# Modeling cancer incidence rates

#### kiton

##### Member
Hello dear forum members,

Using county-level panel data (N = 2500+, T = 3) I aim to examine the associations between multiple biological, socioeconomic, and psychological factors and cancer incidence. There are two outcome measures available for me:

(1) cancer incidence rate, IR = (New cancers / Population) × 100,000
M = 197.19, SD = 51.12, Min = 0, Max = 610.6, Skewness = .1, Kurtosis = 7.25

(2) count of new occurrences
M = 241.4, SD = 674.11, Min = 0, Max = 17,742, Variance = 454,427.7

My initial approach is to model (continuous) rates using OLS. However, although its distribution is relatively normal, there is some variation in the tails:  As a result, the OLS residuals are far from perfect: Question 1: What modeling approach would you recommend to address such variation? I realize quantile regression is one option (with its ups and downs), but perhaps there are other "standard" ways to model rates?

Question 2: Are there any reasons why I should use specifically rates, or instead counts for the purpose of analysis? Is there any general consensus on this?

Your feedback would be greatly appreciated.

Last edited:

#### kiton

##### Member
There is an interesting article on the topic -- Lumley, T., Diehr, P., Emerson, S., & Chen, L. (2002). The importance of the normality assumption in large public health data sets. Annual review of public health, 23(1), 151-169.

But I feel I am too old school and still believe in BLUE for trustworthy inferences #### ondansetron

##### TS Contributor
Normality assumption refers to the distribution of the errors, not of the dependent variable. You should look into Poisson and negative binomial regression for rates.

#### kiton

##### Member
Normality assumption refers to the distribution of the errors, not of the dependent variable. You should look into Poisson and negative binomial regression for rates.
Thank you for response. That's absolutely correct, and that's exactly why I include a residual plot to assess the model fit. Relatedly, if the outcome's distribution is abnormal, residuals would not be "normal" either.

Let me ask a clarification question on the second part though.
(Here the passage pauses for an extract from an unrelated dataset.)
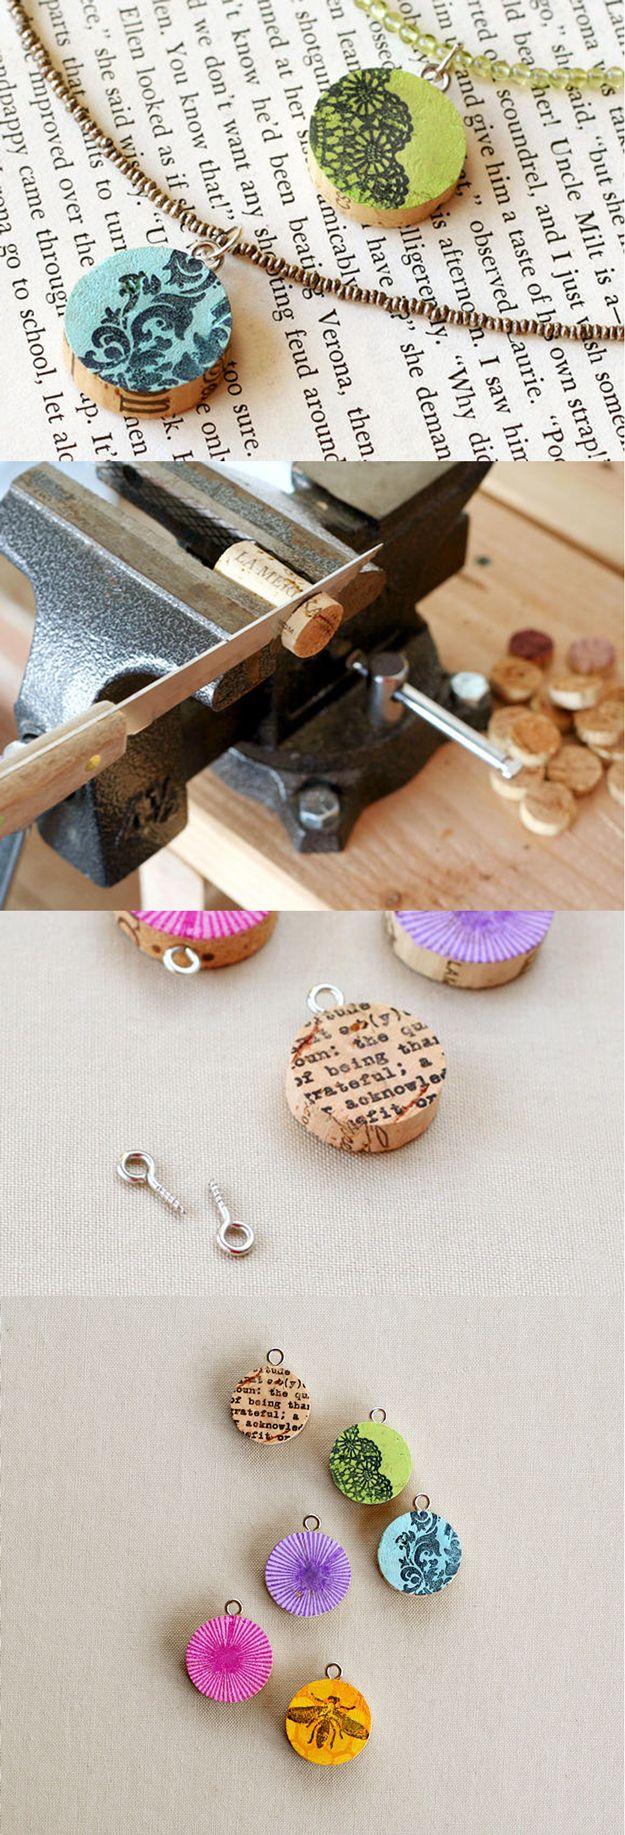 DIY Jewelry Ideas: Easy Wine Cork Pendants | DIY Wine Cork Jewelry for Teens by DIY Ready at http://diyready.com/more-wine-cork-crafts-ideas/

If I were using a count as an outcome, then I'd definitely use either of those non-linear models with no reservations. However, what's the logic behind using those models for a continuous nearly normal outcome? Perhaps I am missing something here.

#### ondansetron

##### TS Contributor
Thank you for response. That's absolutely correct, and that's exactly why I include a residual plot to assess the model fit. Relatedly, if the outcome's distribution is abnormal, residuals would not be "normal" either.
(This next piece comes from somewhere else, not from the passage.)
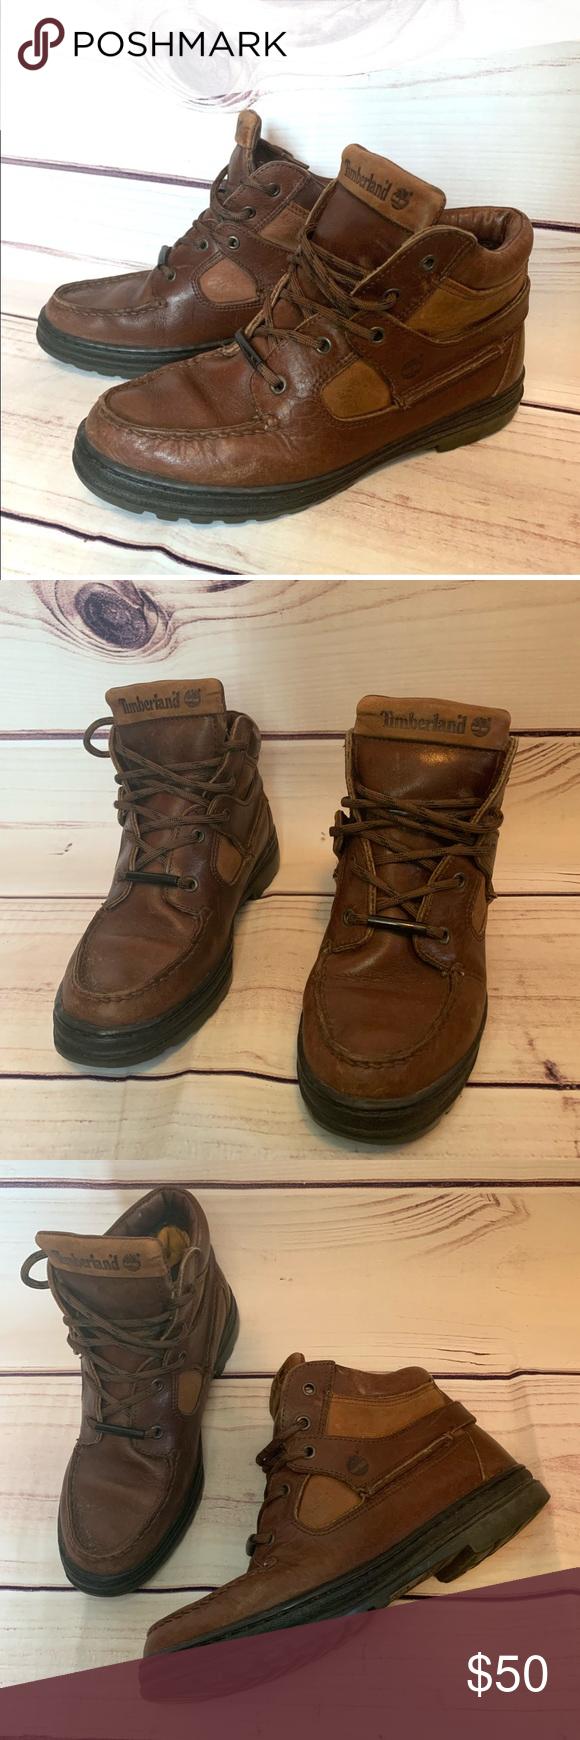 1d9fef66528 Timberland Goretex Leather Chukka Hiking Boots 7.5 Timberland 7.5 ...

Let me ask a clarification question on the second part though. If I were using a count as an outcome, then I'd definitely use either of those non-linear models with no reservations. However, what's the logic behind using those models for a continuous nearly normal outcome? Perhaps I am missing something here.
It is not generally true that a nonnormal Y variable necessitates nonnormally distributed errors.
And sorry, before I somehow did not read that you said the residual plot provided.

For the second part, I think “it depends” on a few things whether a count is reasonably handled by OLS in comparison to Poisson or Neg Binomial.

#### ondansetron

##### TS Contributor
Actually, are all 3 plots of residuals?

#### kiton

##### Member
It is not generally true that a nonnormal Y variable necessitates nonnormally distributed errors.
Your argument is surely correct. It's just somehow this is a relatively common scenario in my field.

For the second part, I think “it depends” on a few things whether a count is reasonably handled by OLS in comparison to Poisson or Neg Binomial.
Okay, I understand that if a count is reasonably handled by OLS in comparison to Poisson and NB, then it's plausible to use OLS for a count outcome. Let me double-check though if the same holds for a continuous outcome (rate) handled by, say, Poisson?

The first plot is a histogram of the continuous outcome rate, the second one is a quantile plot for the same outcome, and the third one is a plot of quantiles of residuals against quantiles of normal distribution.

#### ondansetron

##### TS Contributor
Can you post a histogram of the residuals, also? I am not fantastic at normal prob plots yet, so it would help me look at the tails (and learn with real data). But I suspect it wouldn't be too great of a concern for the normality of error distribution assumption.

What is the sample size?

#### ondansetron

##### TS Contributor
As far as the assumption regarding normally distributed errors, the provided histogram doesn't worry me at all. The sample size should also mitigate and "concerns" someone may have had.

As for the other assumptions or just the overall appropriateness for your question, that is something you would have to decide, though.